A few years ago, the Electronic Gaming Development Company, itself a subsidiary of the Mohammed bin Salman Foundation, purchased a 36% stake in Japanese game publisher SNK. That stake quickly became a controlling interest of 51%, effectively providing Saudi Crown Prince Mohammed bin Salman with executive control over his first video game company.
Less than two years later, Mohammed bin Salman now owns almost all of SNK. A financial deal reported by VGC confirms the Electronic Gaming Development Company now owns 96% of SNK, which means bin Salman now effectively owns the King of Fighters, Metal Slug, and Samurai Shodown game developer.
“The Mohammed bin Salman Foundation’s (MiSK Foundation) investment in the Japanese company SNK reinforces its continuous commitment to its goals of empowering Saudi men and women through building economic partnerships, within the Foundation’s updated strategy to maximize the positive impact on youth empowerment,” reads a press release from last year when the investment was proposed.
As VGC notes, the final transaction was actually completed last February, but the news is only breaking two months later. This perhaps suggests SNK didn't want news of its takeover to be publicized.
Prince Mohammed bin Salman is no stranger to the business of video games. After taking control of SNK in 2020, the Saudi Public Investment Fund, which is controlled by bin Salman, made billion-dollar investments in Capcom and Nexon and later EA, Activision, and Take-Two Interactive. Most recently, the Public Investment Fund-backed company Savvy Gaming purchased European pro gaming leagues ESL And FACEIT, with plans to combine the two into a single entity.

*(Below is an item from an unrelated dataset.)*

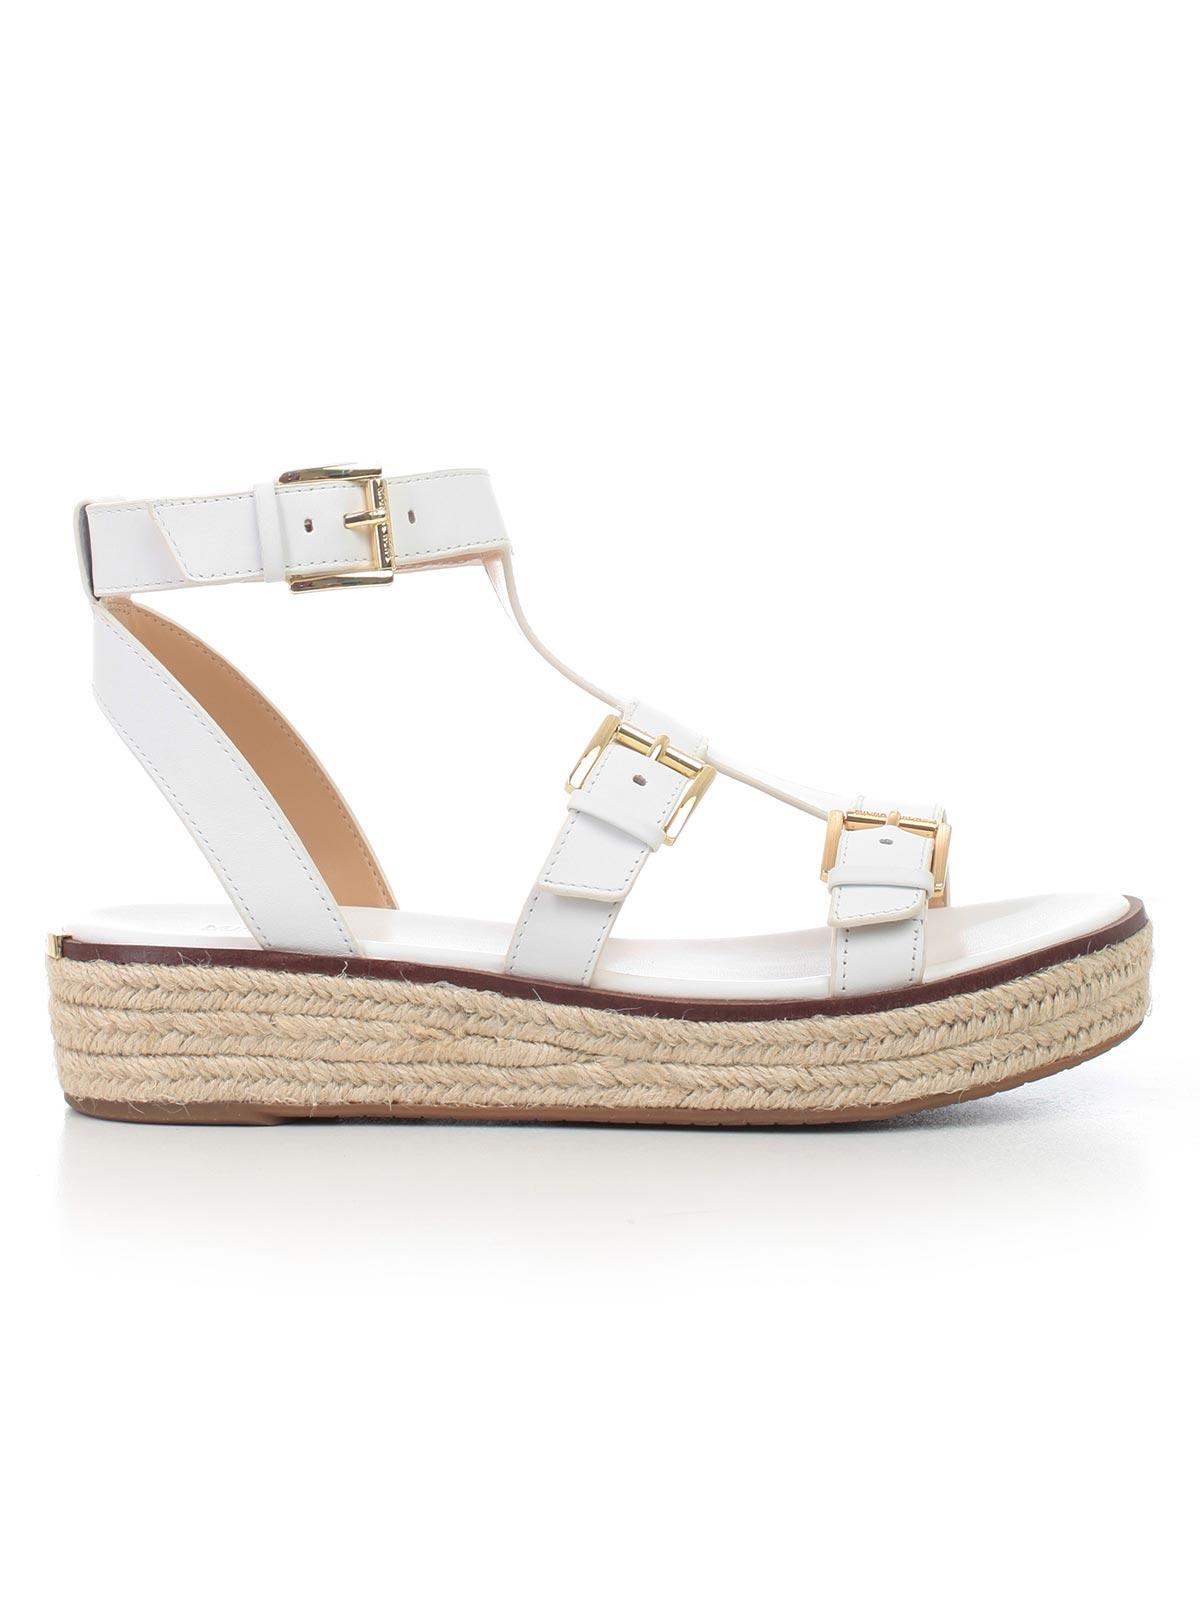 e281a4261f Women's Designer Shoes 2015 Fashion.Bernardelli Store - Online ...

The Public Investment Fund is a Saudi wealth fund dedicated to diversifying Saudi Arabia’s economy beyond oil – a wise idea, given the world’s general movement away from fossil fuels due to climate change. Prince Mohammed bin Salman in particular has championed gaming as a means of moving beyond oil, although the prince himself remains a controversial figure for his alleged involvement in the assassination of Washington Post journalist Jamal Khashoggi.